Но ныне автор исторических произведений обязан считаться с тем, что уже самый выбор народа и эпохи, к которым он относит своих героев и действие, приведет слишком поспешных читателей к ложному выводу. Если, например, в романе изображается американская революция, то одного этого факта уже достаточно для некоторых, чтобы заподозрить писателя в стремлении восславить современную Америку и ее руководителей.

Исторический роман подвергается и другим, менее неуклюжим, но не менее опасным ложным толкованиям. Многие читатели думают, что такой роман должен в приятной и увлекательной манере ознакомить их с историческими фактами, с авантюрными похождениями, показать человеческие качества знаменитых исторических личностей. Если же при этом книга льстит и патриотическим чувствам читателей, тогда они довольны до крайности и ничего большего не желают. Оказавшись в плену случайностей сюжета, они не стараются понять сущность произведения: люди и события заслоняют для них его смысл.

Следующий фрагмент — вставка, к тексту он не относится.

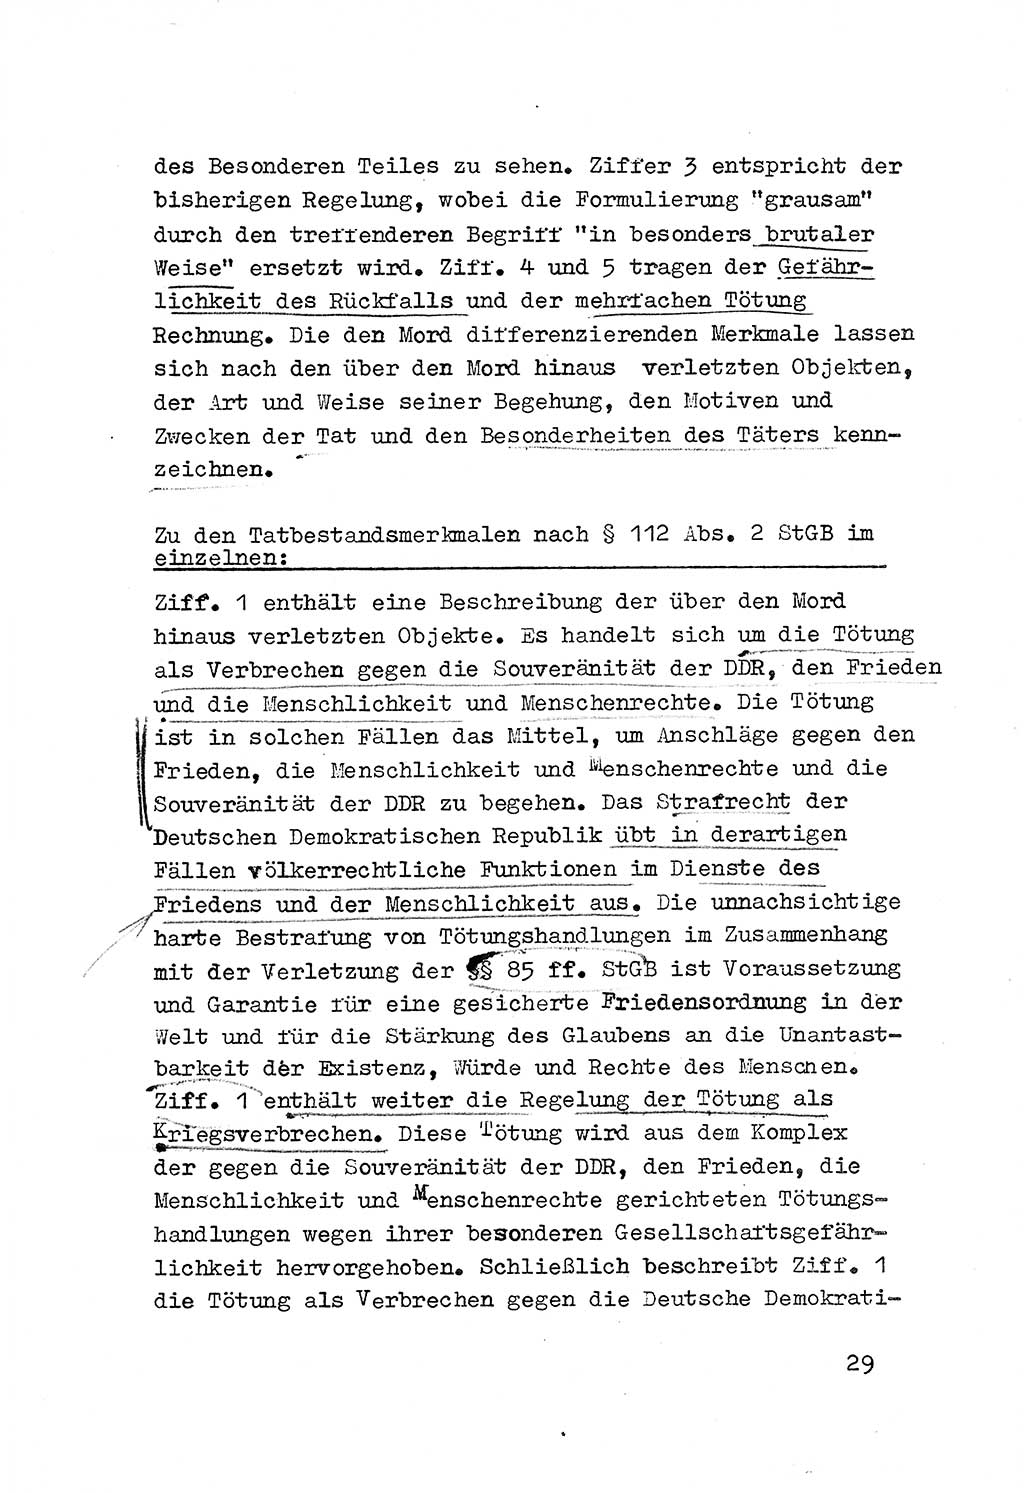 Strafrecht der DDR (Deutsche Demokratische Republik), Besonderer Teil, Lehrmaterial, Heft 3 1969, Seite 29 (Strafr. DDR BT Lehrmat. H. 3 1969, S. 29)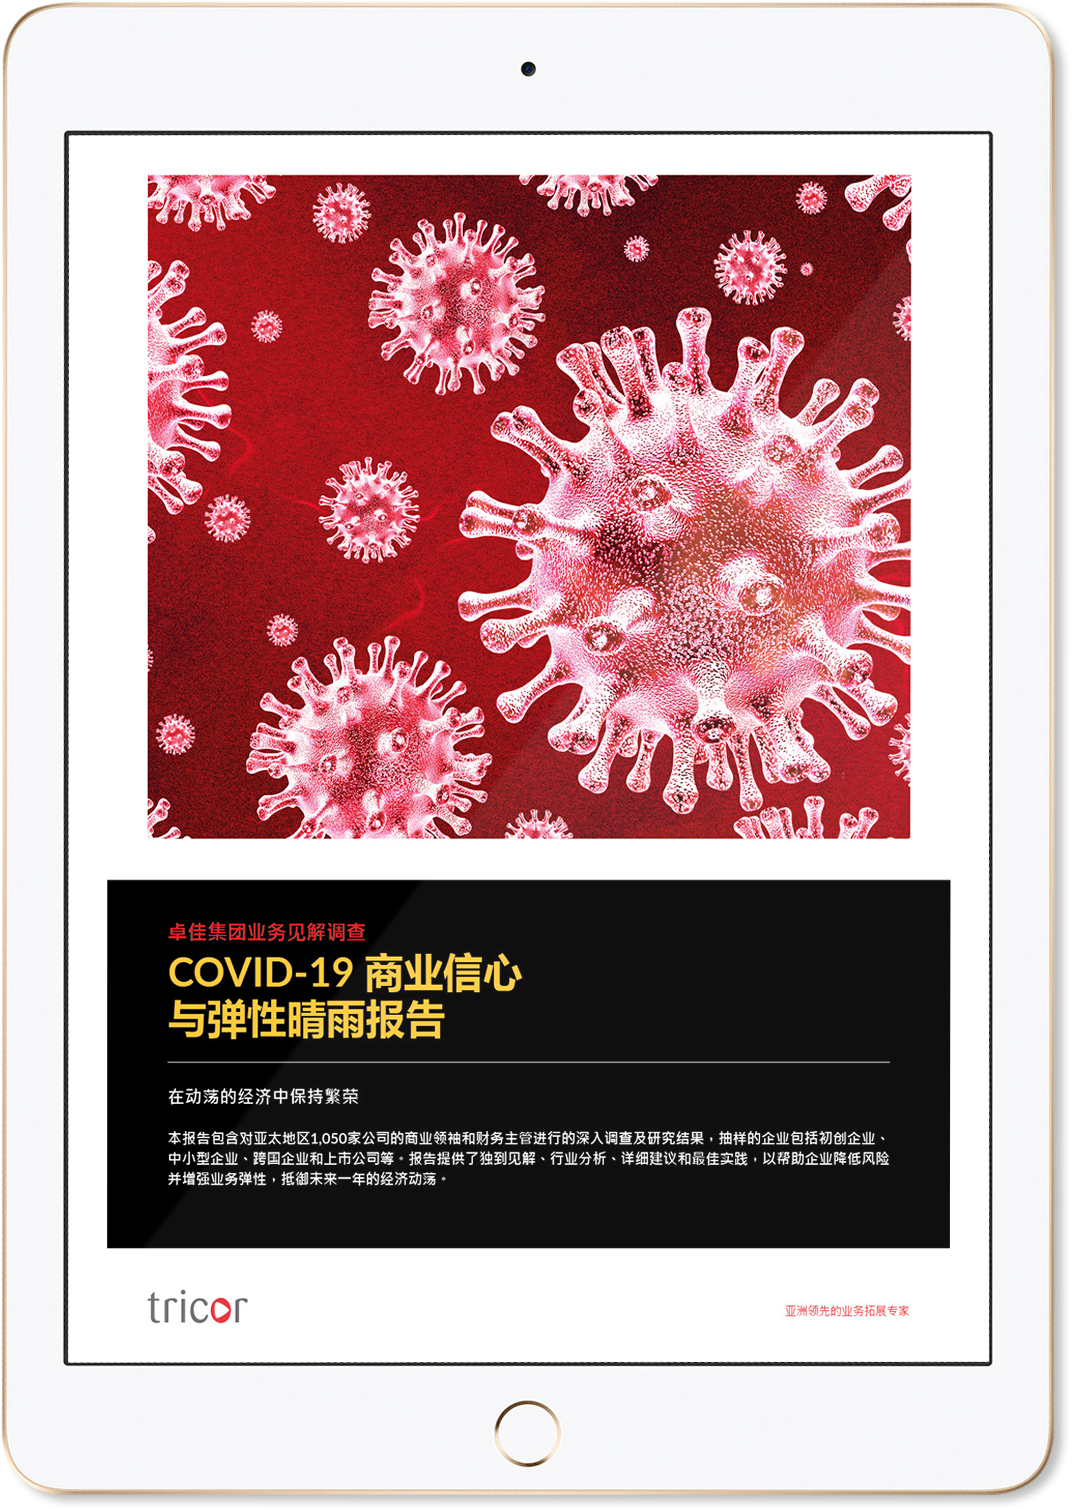 COVID-19商業信心與彈性晴雨報告

Однако писатель, который берется за серьезный исторический роман, руководствуется иными мотивами. Он знает, что силы, движущие народами, остаются неизменными, с тех пор как существует писаная история. Эти силы определяют современную историю так же, как определяли историю прошлого. Представить эти постоянные, неизменные законы в действии — вот, пожалуй, наивысшая цель, которой может достичь исторический роман. К ней и стремится писатель, который в наши дни работает над серьезным историческим романом. Он хочет изобразить современность. Он ищет в истории не пепел, а пламя. Он хочет заставить себя и читателя через прошлое яснее увидеть настоящее.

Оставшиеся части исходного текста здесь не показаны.